— И вам известно, кто она такая?

— Пока нет. Дневничка в сумке нету. Такие, как она, дневничков не ведут. Но я выясню — через полчасика.

Дойл повернулся к Лорримеру:

— Вещдоки будут в Лаборатории к девяти или около того. Вы первым делом ими займетесь?

Лорример ответил довольно резко:

— Первым делом. Вы же знаете, убийство имеет приоритет над всем остальным.

Довольный, даже торжествующий смешок Дойла действовал Хоуарту на нервы.

— Слава Богу, хоть что-то у вас имеет приоритет! Вы и так затянули с делом Гаттериджа. Я вчера был в Отделе биологических исследований, и Брэдли сказал, что докладная еще не готова. Он, мол, работает на защиту. Мы, конечно, все знаем про эту лажу, что, мол, Лаборатория от полиции независима, я и сам это всегда готов повторять где надо. Да только старик Хоггат ее создавал как полицейскую лабораторию, такой она и остается. Так что давайте сделайте все по-срочному, будьте добреньки. Я хочу этого парня горяченьким взять, как можно скорее.

Дойл тихонько покачивался с носка на пятку и улыбался, подняв лицо к разгорающейся заре, радостно принюхиваясь к утренним запахам, словно охотничий пес в азарте гона. Как странно, думал Хоуарт, он вовсе и не слышит холодной угрозы в тоне Лорримера.

— Лаборатория Хоггата время от времени действительно проводит исследования для защиты, если нас об этом просят и если вещественные доказательства правильно упакованы и должным образом переданы в Лабораторию. Такова принятая в Отделе практика. Но мы не являемся полицейской лабораторией, хотя вы и можете приходить туда и уходить, когда нам заблагорассудится, как на свою собственную кухню. И в этой моей Лаборатории я решаю, что имеет приоритет, а что нет. Вы получите заключение не раньше, чем оно будет готово. И между прочим, если у вас имеются вопросы, извольте обращаться ко мне, а не к моим подчиненным. И пока вас не пригласили, держитесь от моей Лаборатории подальше.

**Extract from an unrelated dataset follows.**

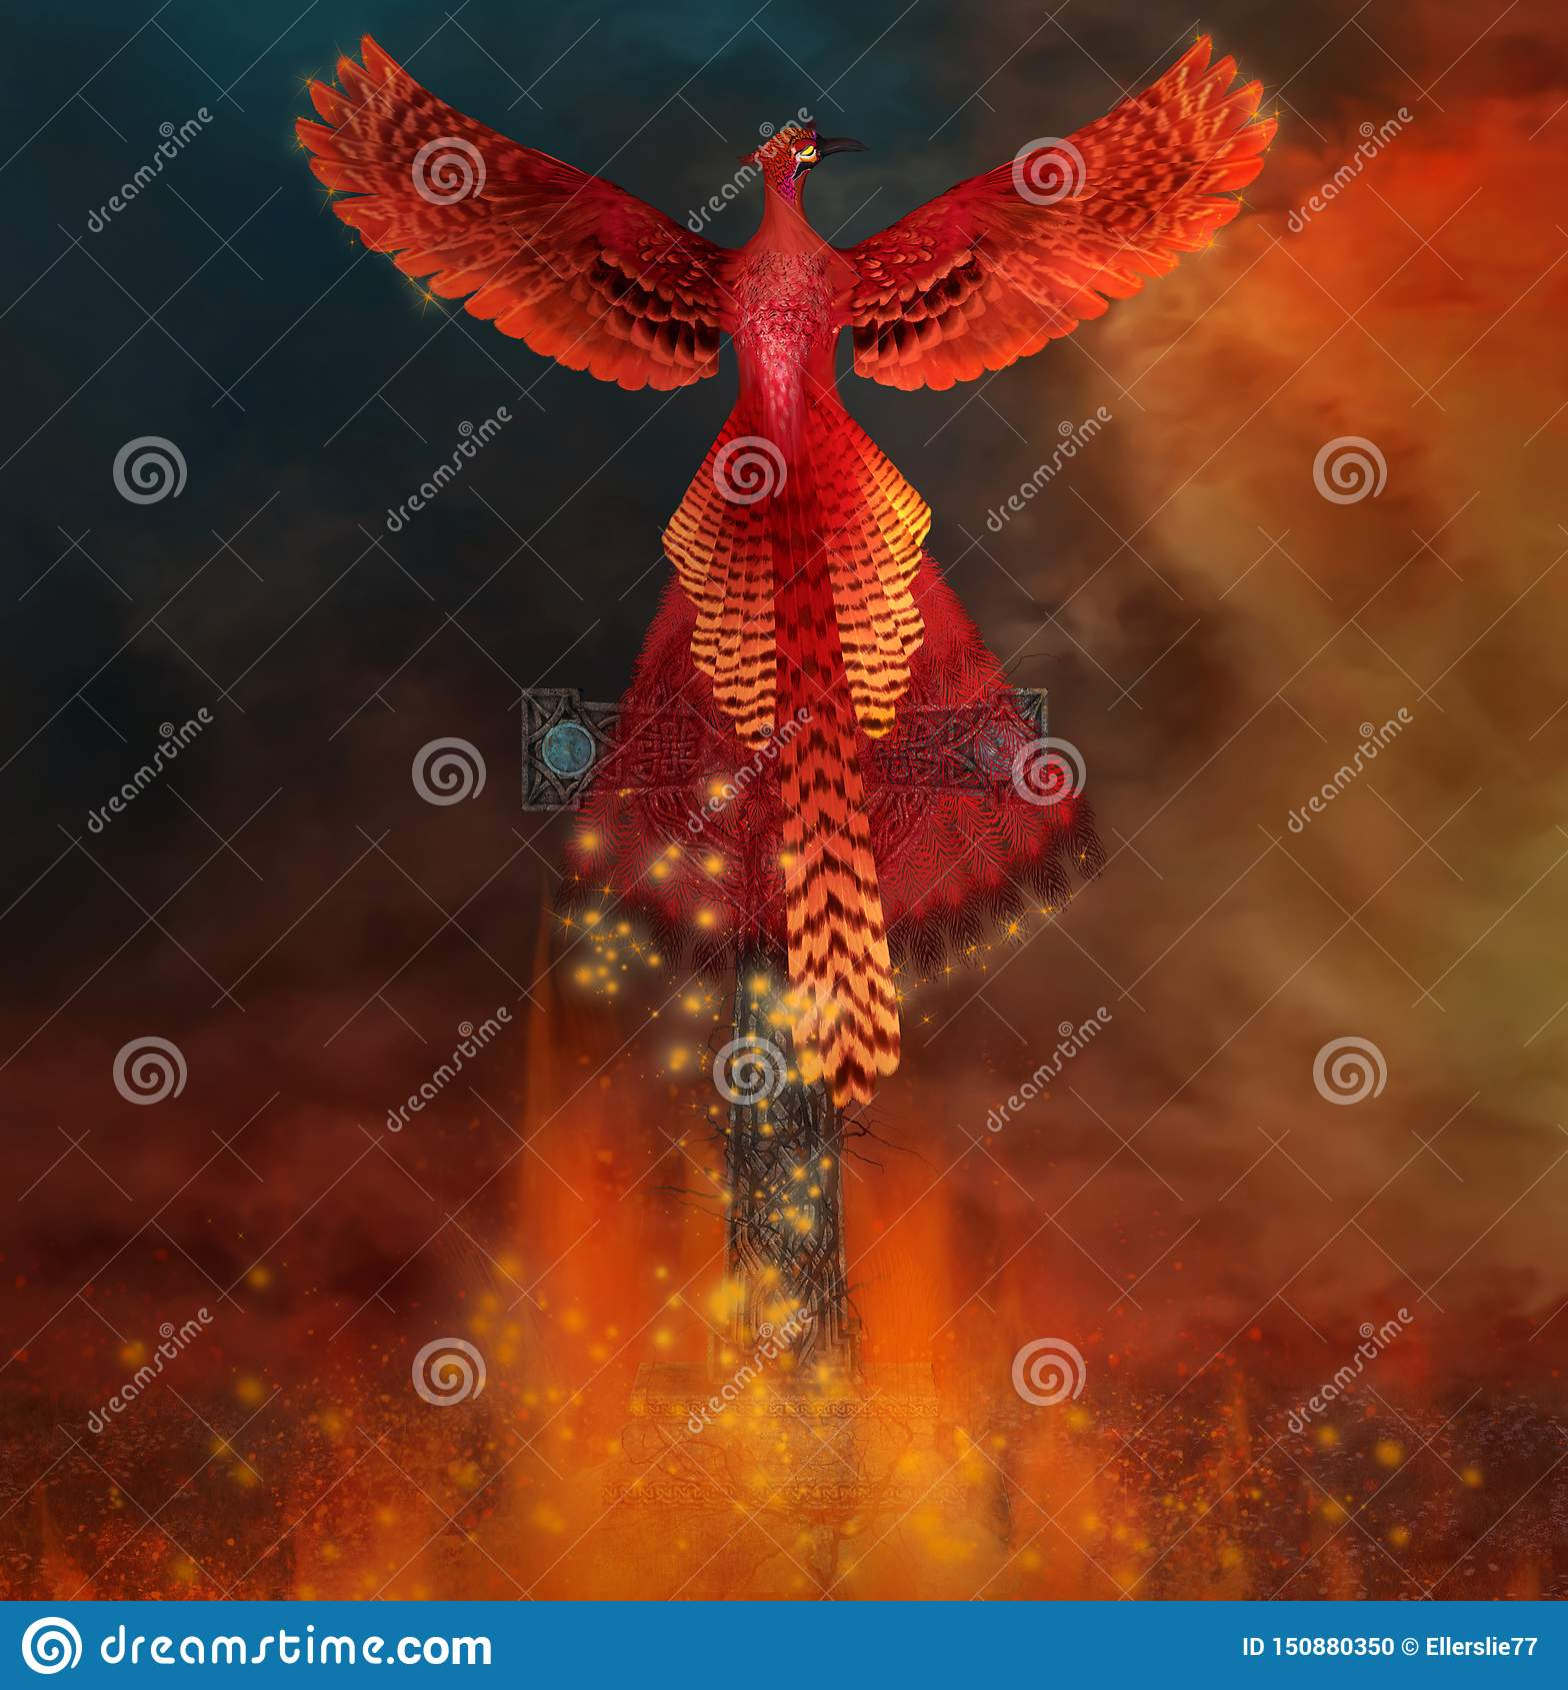 Phoenix Arising

Не дожидаясь ответа, Лорример пошел к своей машине. Дойл смотрел ему вслед, сердитый и растерянный.

— Черт возьми! Его Лаборатория! Какая муха его укусила? Он в последние дни дергается, как сука во время течки. Того и гляди к психоаналитику угодит или загремит прямо в психушку, если в руки себя не возьмет.

— Он тем не менее прав, — холодно ответил Хоуарт. — Любые запросы, относящиеся к работе его Отдела, должны направляться к нему, а не к его сотрудникам. А когда кто-то захочет войти в Лабораторию, принято просить разрешения.

Дойл почувствовал себя уязвленным и нахмурился. Лицо его застыло, стало жестким. Хоуарт испытал замешательство, разглядев едва сдерживаемую агрессивность под маской привычного добродушия.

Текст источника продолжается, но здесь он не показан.